The Transit Wireless network currently supports train arrival clocks and some public safety communications in the NYCT subways, and is available and ready for more -- and not just in New York City. By already supporting industry-standard network interoperability, new applications can be delivered easily. A network like ours, in other transit systems, could allow agents to remotely monitor activities within their stations while out of their booths and serving the riding public. Applications could be managed right from a station agent’s mobile device and include camera systems, motion and environmental sensors, access controls, and passenger information systems. With the installation of other autonomous sensors, applications to monitor key components of the subway stations, including elevators, escalators, and waste receptacles are easily integrated. The eventual extension of wireless connectivity into the tunnels and onboard the trains would allow for communications-based train control (CBTC) and further diagnostic technologies to be placed on the trains for predictive maintenance, and for the benefit of the conductors and engineers.
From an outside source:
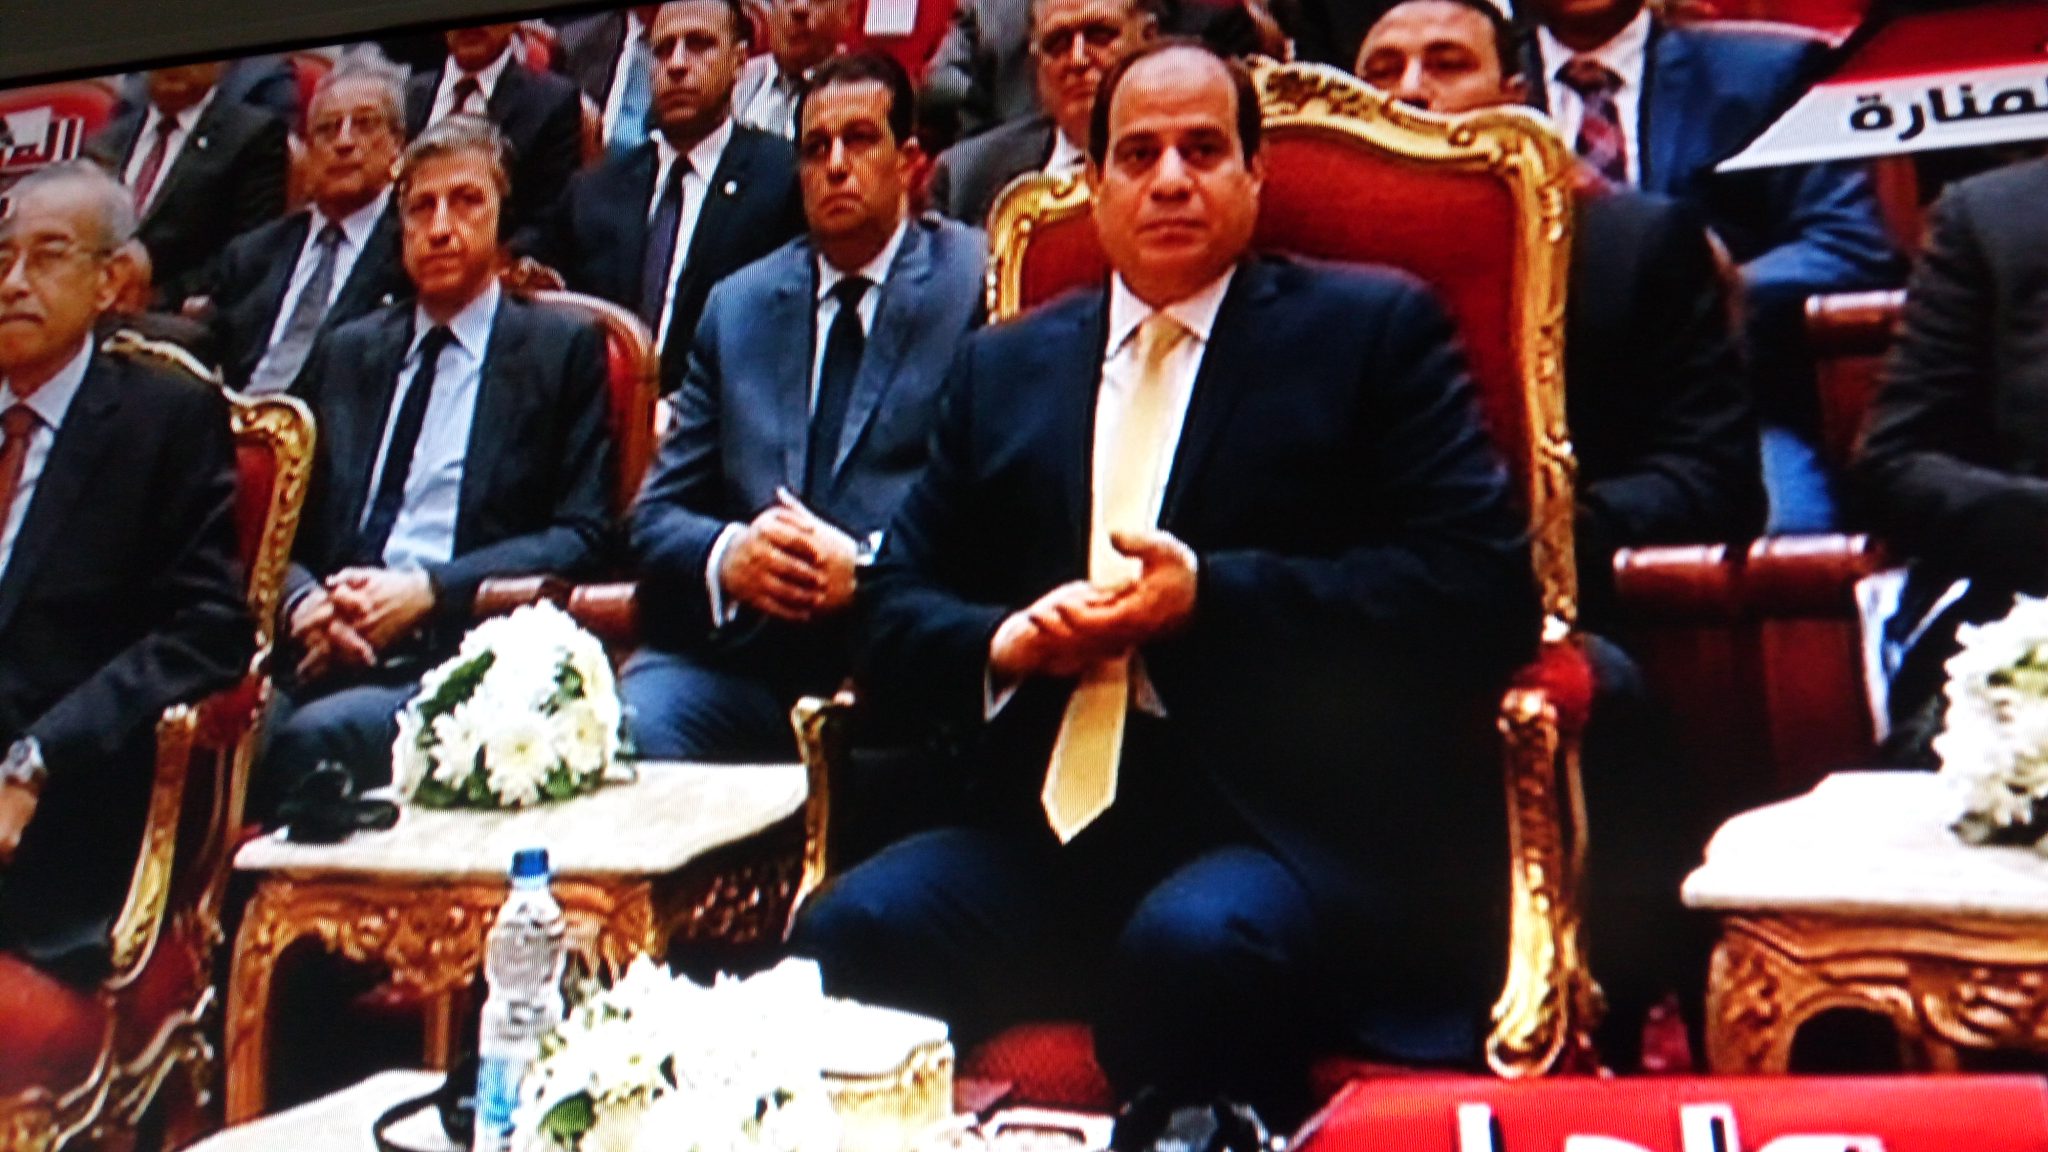   صور| سفير قبرص يجلس خلف الرئيس السيسي خلال مؤتمر إيجبس

Increased Demand and Opportunity for Connected Cities
Census Bureau data shows that more Americans are moving into cities, reversing a longstanding trend of exodus to the suburbs. This urban migration is intensifying consumers’ expectations for seamless connectivity in cities, and also placing greater demands on mass transit, utilities and public safety – three areas in which Smart City applications enable better systems management and delivery of services.
Cities and transit systems that built public Wi-Fi networks to provide free Internet access have come to understand they are just scratching the surface of the potential capabilities of a Connected City. As technology continues to evolve, there is a greater desire to have it fully integrated within a city’s infrastructure to improve municipal operations, foster innovation and support economic development. Once a city establishes connectivity, it can continue work toward achieving its vision of a Smart City.
Saeid Malaki is the Director of Network and Special Projects at Transit Wireless.